INFORMATION GIVEN:
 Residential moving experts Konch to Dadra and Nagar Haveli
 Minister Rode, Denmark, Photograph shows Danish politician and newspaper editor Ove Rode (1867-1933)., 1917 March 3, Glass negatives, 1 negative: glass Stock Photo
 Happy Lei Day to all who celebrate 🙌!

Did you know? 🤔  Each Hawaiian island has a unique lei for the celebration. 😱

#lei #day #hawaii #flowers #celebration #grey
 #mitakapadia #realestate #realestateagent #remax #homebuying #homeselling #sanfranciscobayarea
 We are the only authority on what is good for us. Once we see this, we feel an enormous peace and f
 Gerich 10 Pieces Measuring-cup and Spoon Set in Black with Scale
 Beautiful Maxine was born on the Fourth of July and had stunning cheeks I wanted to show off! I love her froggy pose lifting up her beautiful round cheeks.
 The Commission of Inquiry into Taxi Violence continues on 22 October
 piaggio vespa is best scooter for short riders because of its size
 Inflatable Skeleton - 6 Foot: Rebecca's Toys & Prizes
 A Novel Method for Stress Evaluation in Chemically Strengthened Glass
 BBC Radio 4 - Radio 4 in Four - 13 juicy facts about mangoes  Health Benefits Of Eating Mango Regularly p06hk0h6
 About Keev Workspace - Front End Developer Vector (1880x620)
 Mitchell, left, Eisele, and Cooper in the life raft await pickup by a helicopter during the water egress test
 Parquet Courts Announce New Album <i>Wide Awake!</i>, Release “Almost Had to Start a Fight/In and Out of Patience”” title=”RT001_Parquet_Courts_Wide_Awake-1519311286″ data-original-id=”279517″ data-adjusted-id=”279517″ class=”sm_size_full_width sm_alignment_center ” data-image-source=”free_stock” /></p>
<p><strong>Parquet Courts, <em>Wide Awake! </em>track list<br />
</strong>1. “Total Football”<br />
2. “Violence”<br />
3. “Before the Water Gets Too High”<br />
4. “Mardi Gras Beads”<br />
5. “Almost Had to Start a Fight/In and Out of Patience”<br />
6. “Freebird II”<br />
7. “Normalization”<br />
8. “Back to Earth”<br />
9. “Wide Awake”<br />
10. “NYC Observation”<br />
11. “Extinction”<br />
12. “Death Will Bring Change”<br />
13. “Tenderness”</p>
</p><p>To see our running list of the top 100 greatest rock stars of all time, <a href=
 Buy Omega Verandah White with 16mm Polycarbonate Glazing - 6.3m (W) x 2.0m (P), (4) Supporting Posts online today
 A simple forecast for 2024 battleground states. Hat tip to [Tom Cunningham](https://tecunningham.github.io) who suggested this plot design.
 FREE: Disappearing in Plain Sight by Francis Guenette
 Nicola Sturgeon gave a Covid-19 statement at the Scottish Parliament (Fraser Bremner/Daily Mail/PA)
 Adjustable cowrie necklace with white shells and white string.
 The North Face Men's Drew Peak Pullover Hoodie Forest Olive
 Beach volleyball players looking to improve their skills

WHAT THIS TASK INVOLVES: Scan the material above for lines holding "celebration" and copy each of them.

ANSWER FOR THE TASK:
Did you know? 🤔  Each Hawaiian island has a unique lei for the celebration. 😱
#lei #day #hawaii #flowers #celebration #grey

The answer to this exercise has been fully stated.